Scientists from the University of Sheffield have identified new messenger molecules shuttled between cells which could help to protect the survival of neurones—potentially leading to new treatments for MND.
The pioneering research has discovered the role of a small molecule which can regulate large signalling cascades and significantly improve the survival of neurones—something which will help pave the way to identify and develop new therapies for neurodegenerative diseases.
MND, also known as Amyotrophic Lateral Sclerosis (ALS), is a devastating neurogenerative disorder that affects the nerves—motor neurones—in the brain and spinal cord that tell your muscles what to do. The messages from these nerves gradually stop reaching the muscles, leading them to weaken, stiffen and eventually waste. The progressive disease affects a patient’s ability to walk, talk, eat and breathe. MND affects 5,000 adults in the UK and there is currently no cure.
Approximately 10 per cent of MND cases are inherited but the remaining 90 per cent of MND cases are caused by complex genetic and environmental interactions which are currently not well understood—this is known as sporadic MND. The most common known genetic cause of MND is a mutation of the C9orf72 gene.

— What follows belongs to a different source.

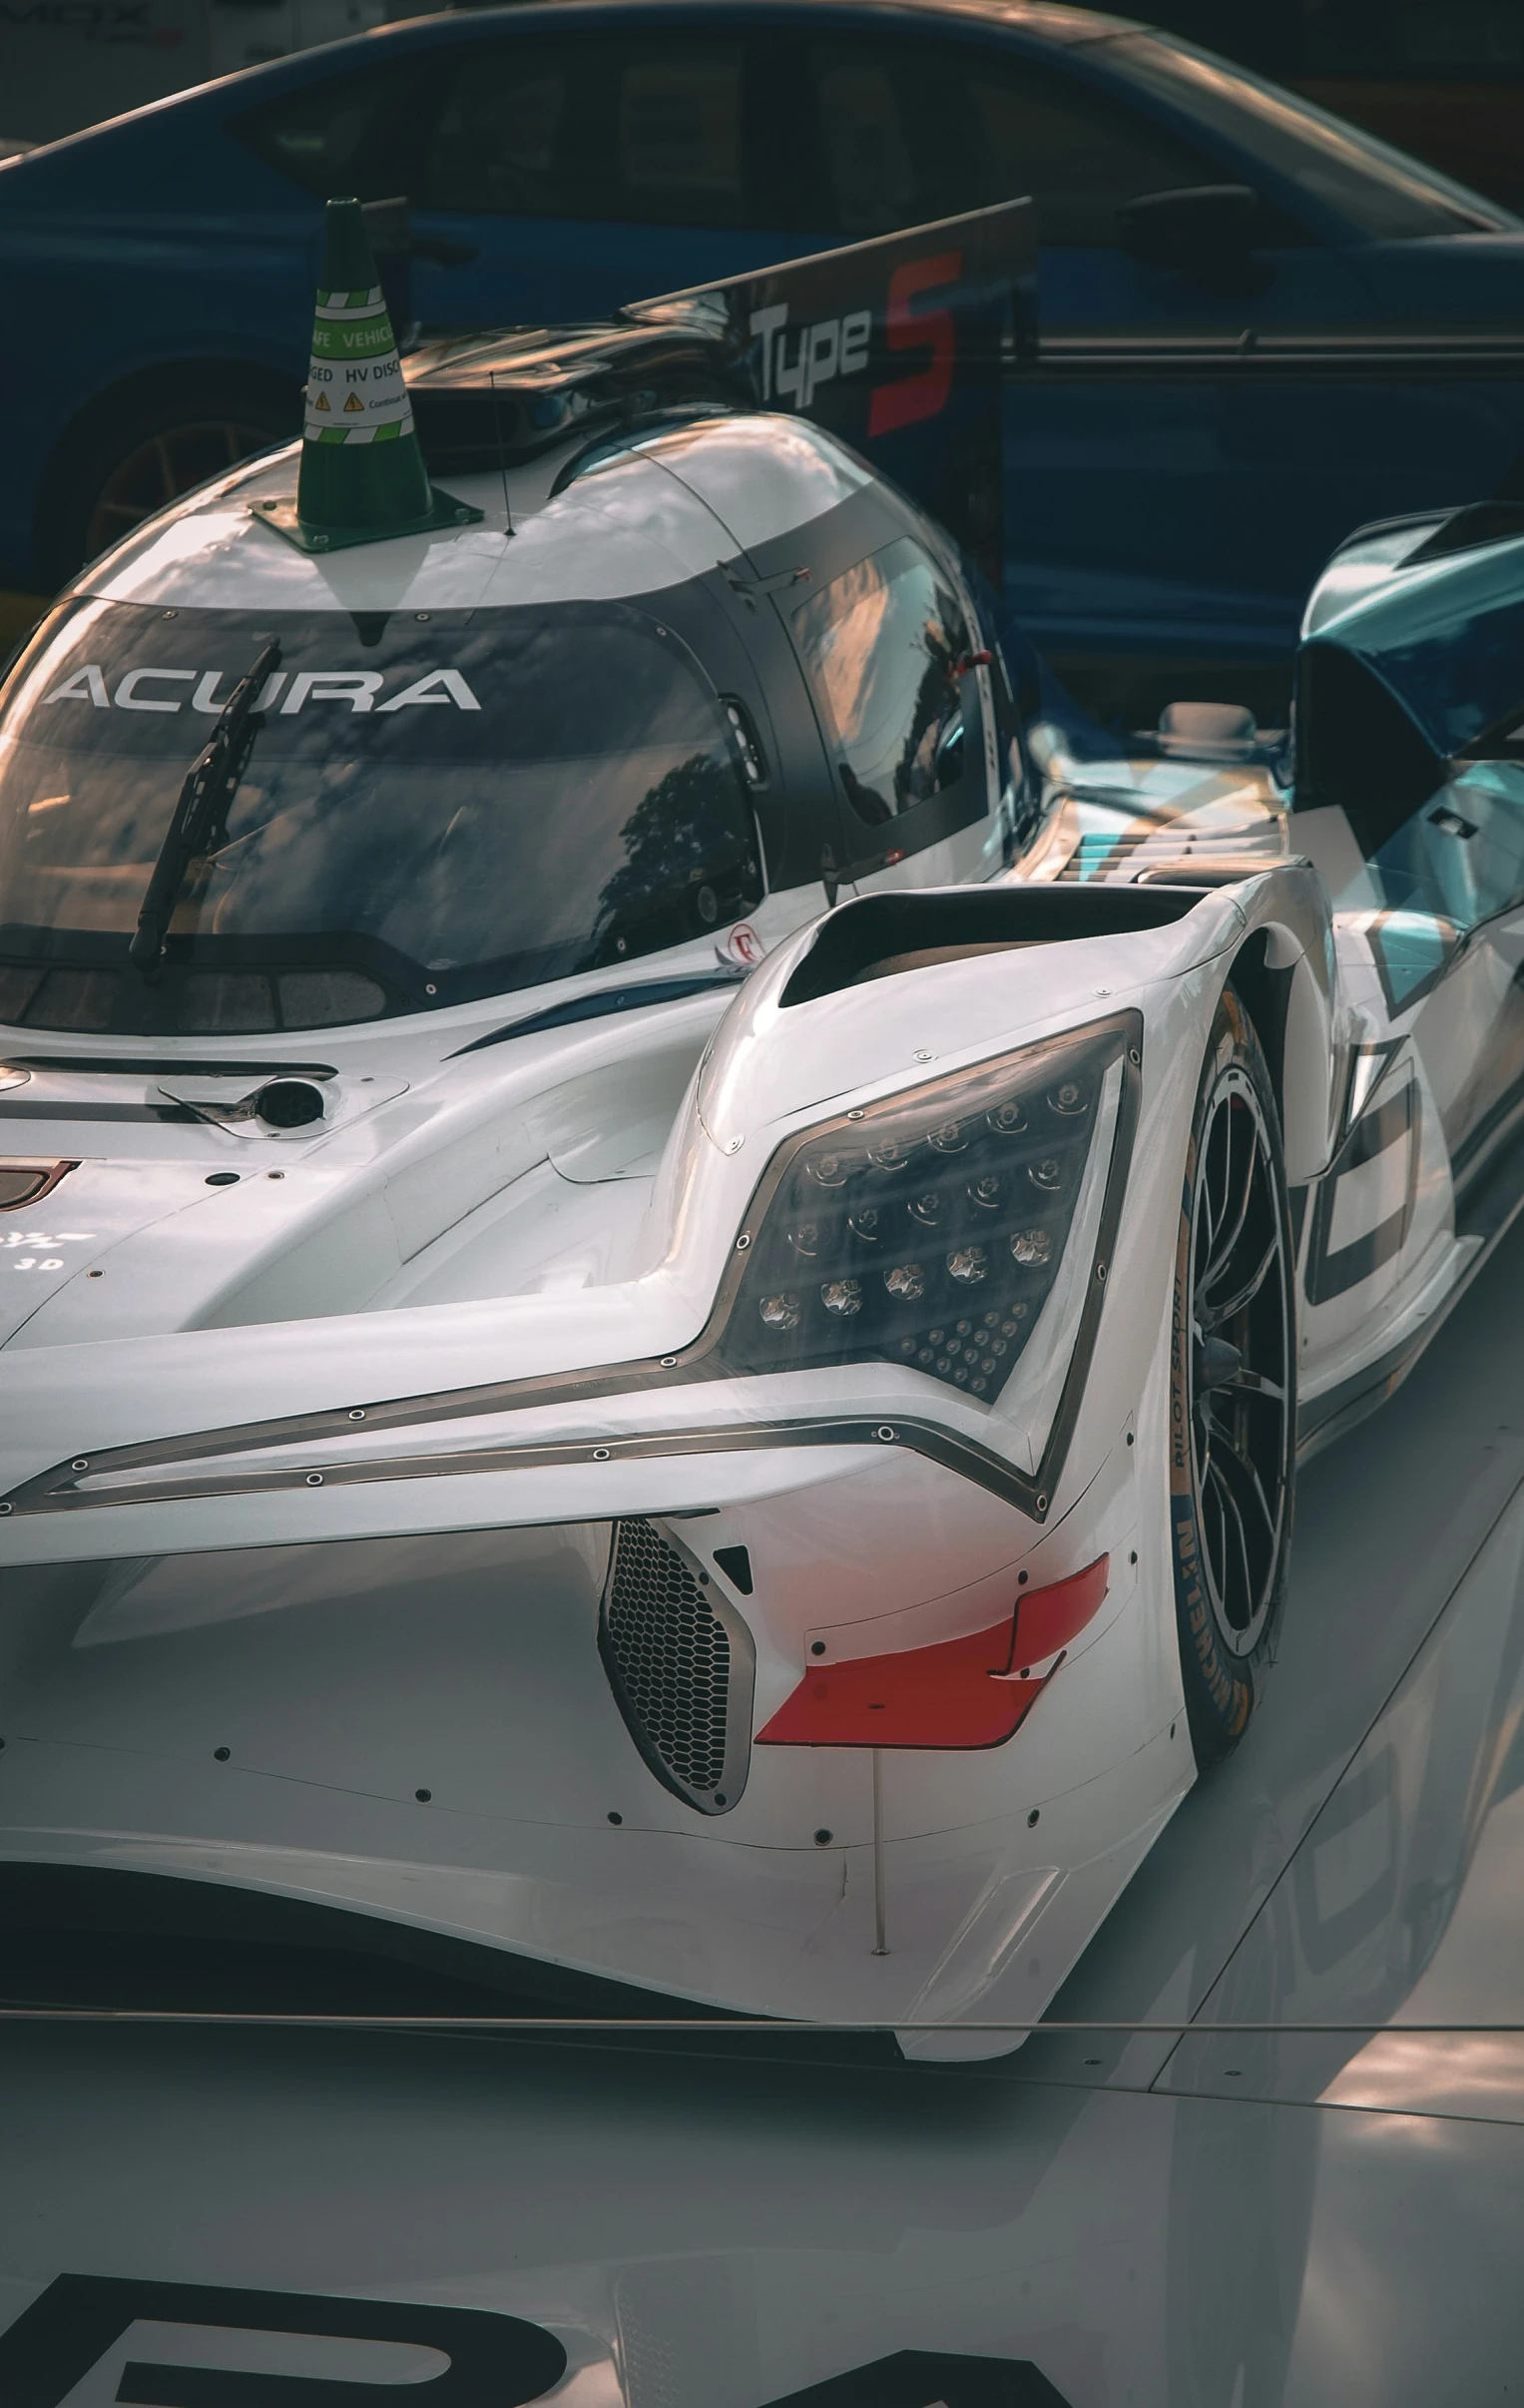 an image of the front end of a race car on display

Although MND affects the survival of neurones, other supporting cell types such as astrocytes—star-shaped glial cells in the brain and spinal cord—play an important role in the progression of the disease. Normally responsible for keeping the neurones protected and nourished, astrocytes can become toxic in MND. In a healthy organism, these cells release pockets of vesicles containing messages to communicate with other cells. In MND, these extracellular vesicles (EVs) can contain toxic factors—no longer supporting the neurones but instead contributing to their death.
The new research, led by Dr. Laura Ferraiuolo from the University of Sheffield’s Insitute of Translational Neuroscience (SITraN) found that when the micro-RNA molecule—which can regulate large signalling cascades—is introduced to an astrocyte-motor neurone culture, the survival of neurones was significantly improved.
The micro-RNA identified in the study, called miR-494-3p, regulates genes involved in maintaining the health and strength of neurones axons. Researchers also found miR-494-3p was significantly depleted in cells derived from patitents with sporadic MND.
Dr. Ferraiuolo from SITraN and lead author of the study said: “When an artificial form of miR-494-3 was introduced to the astrocyte-motor neuron culture, the survival of neurons was significantly improved.
“The study shows that restoring depleted micro-RNAs can improve cell survival. The results not only shed more light on the mechanisms of this complex disease, but they hold massive potential for the identification and development of new therapies for ALS and other neurodegenerative diseases.”